I have made to much feta cheese and would like to can some for down the road does anyone have a recipe for canning it in oil and spices 
Any recipes are welcome thank you 
Stan


----------



## Groene Pionier (Apr 23, 2009)

I am not sure if you mean canning in like, water bath canning or pressure canning, never heard of something like that. 
I marinate feta cheese but it will not keep for too long. 
this is my recipe: 
Put 350 grams of feta cheese cubed, 
1 tablespoon of coarse ground black pepper
1 teaspoon of dried oregano
1 teaspo of coriander seeds
In a sterilized jar of 7,5 dl, sprinkle the pepper, oregano and coriander seeds. 
Then add 4 small red peppers, a couple of springs Rosemary and 125 grams of sundried tomatoes ( i use my dehydrated tomatoes) in the jar. Cover this with enough oil to cover the cheese cubes. Close the jar and keep it in the fridge. It will keep for 1-2 months



opalcab said:


> I have made to much feta cheese and would like to can some for down the road does anyone have a recipe for canning it in oil and spices
> Any recipes are welcome thank you
> Stan


----------



## my3boys (Jan 18, 2011)

You shouldn't can any dairy products in oil or anything else. Last summer I took a refresher course on canning to get myself up to speed on the latest recommendations. Someone asked about preserving herbs and oil and the instructor said don't do it, so no on 2 counts. 
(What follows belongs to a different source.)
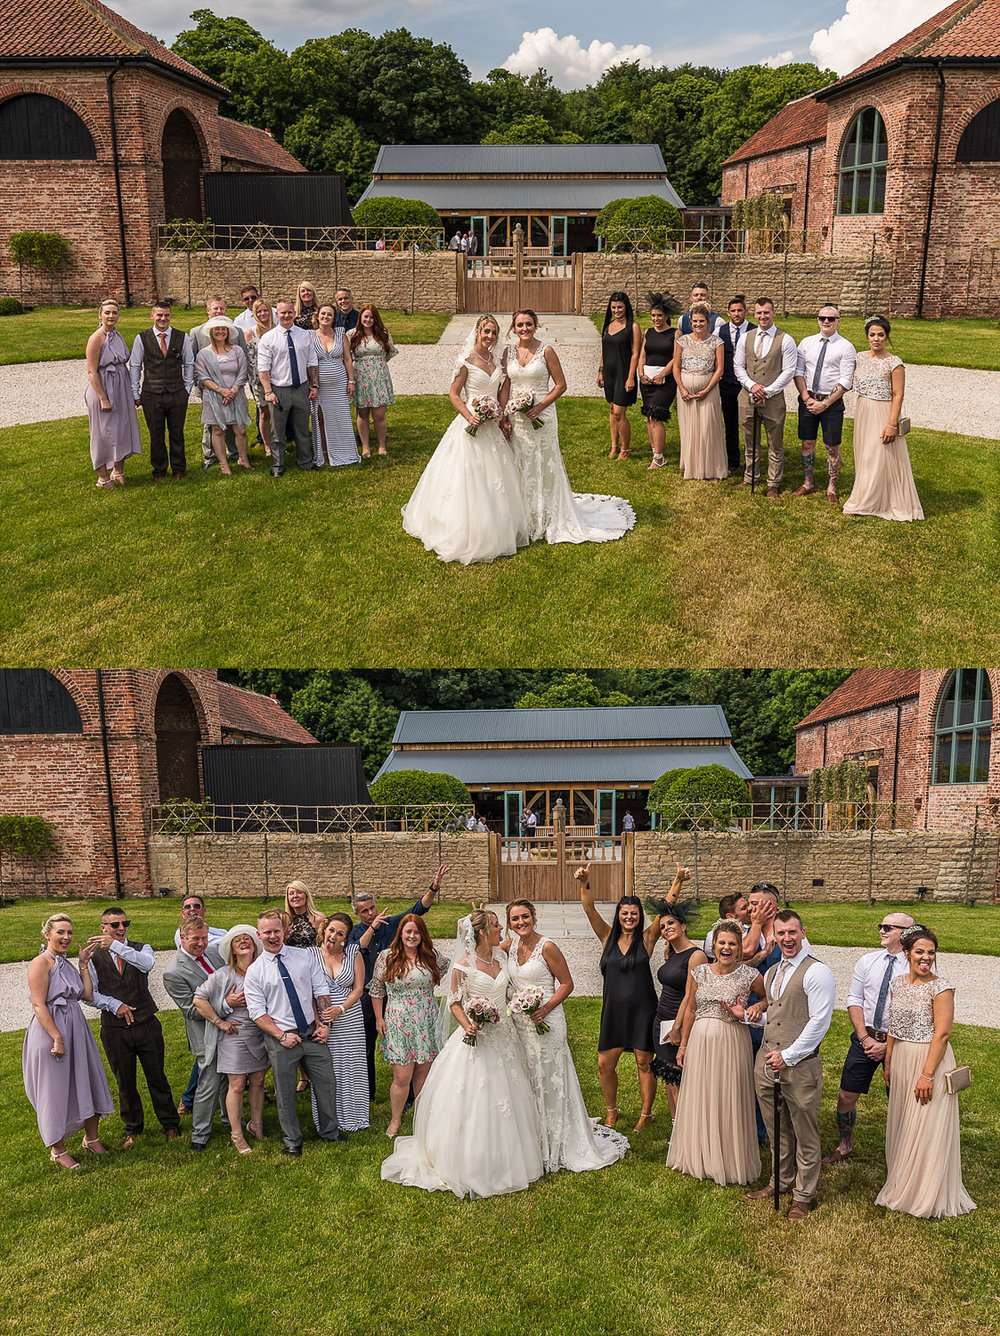 Fun lesbian wedding group photos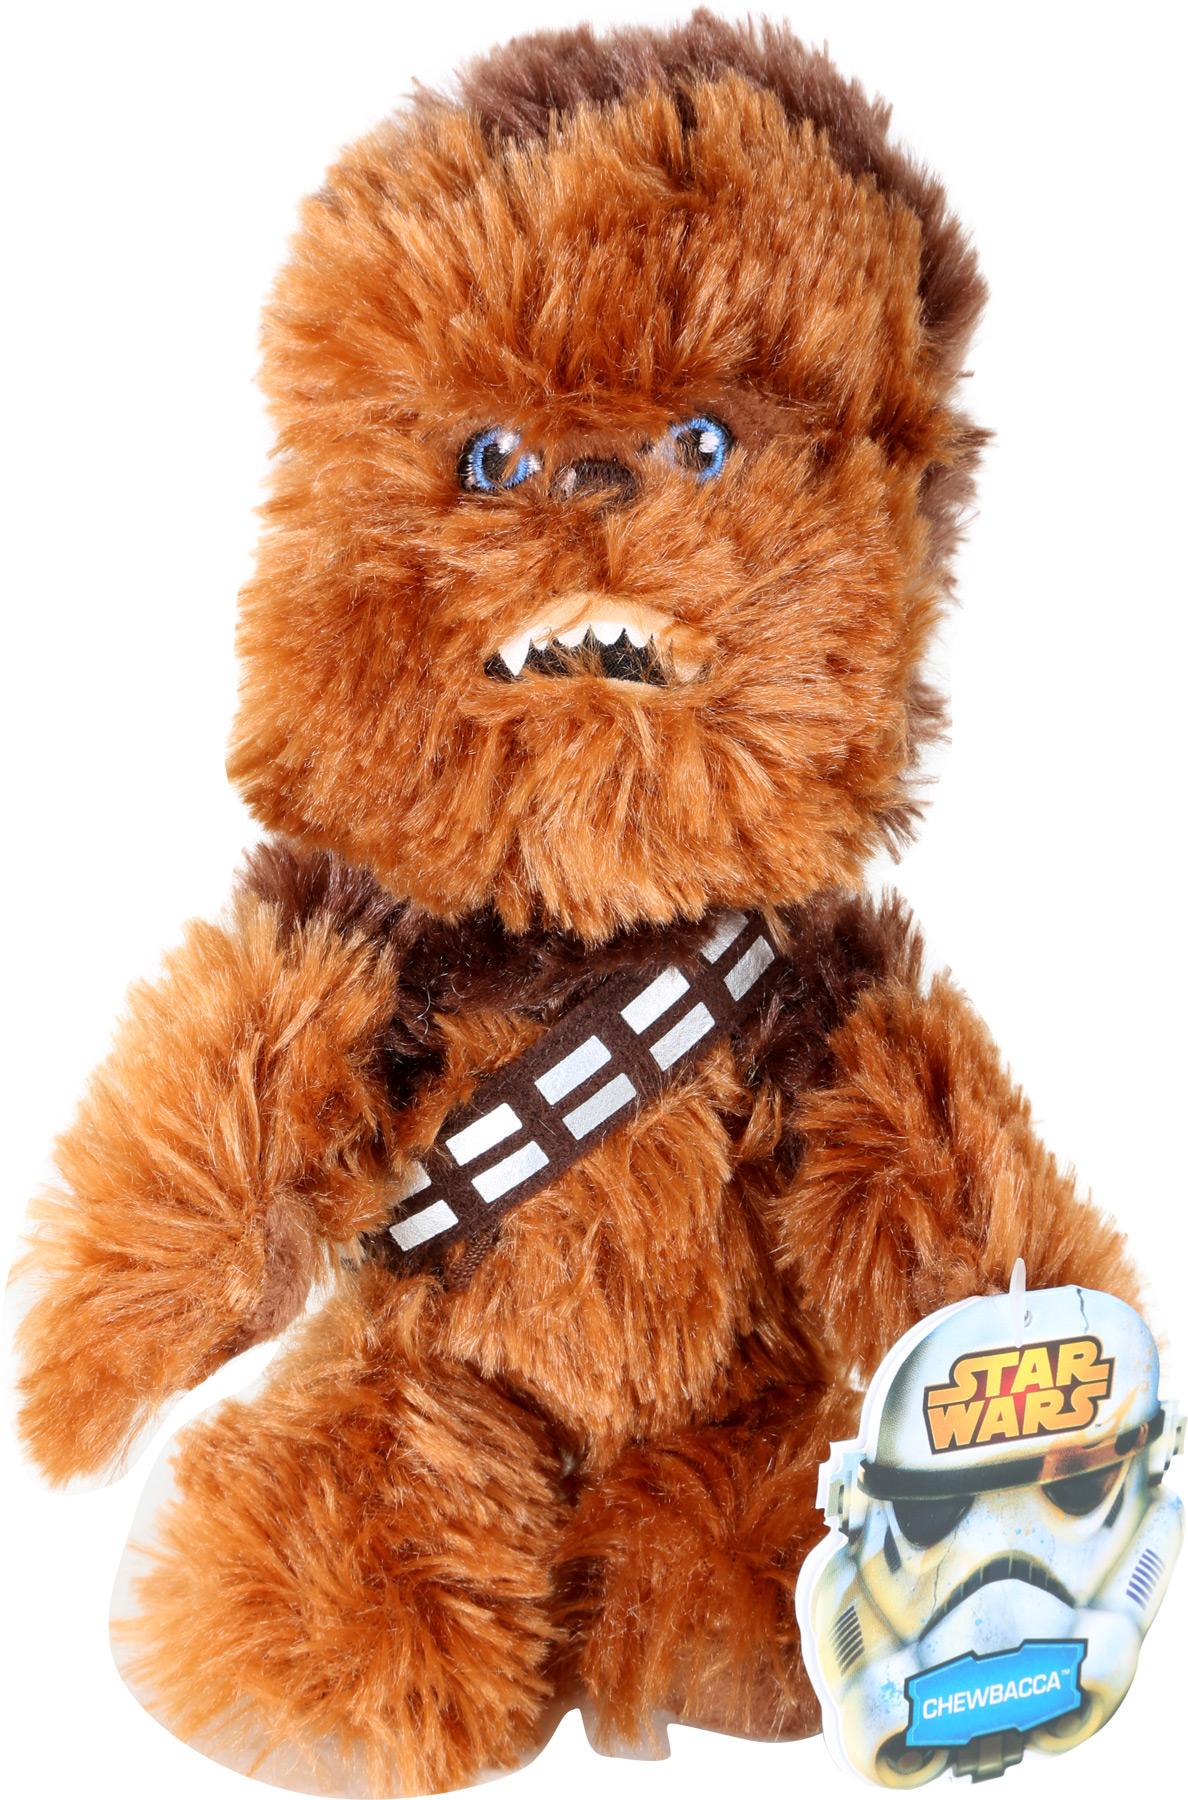 Small Foot Star Wars plyšový Chewbacca

I think commercially canned products containing dairy are okay because of the special equipment they use not available to the home canner.


----------



## madness (Dec 6, 2006)

We brine our feta and it keeps in the fridge for several months. We actually had some 9 month old stuff that was still edible. Need to check the dates on the dairy fridge more often!


----------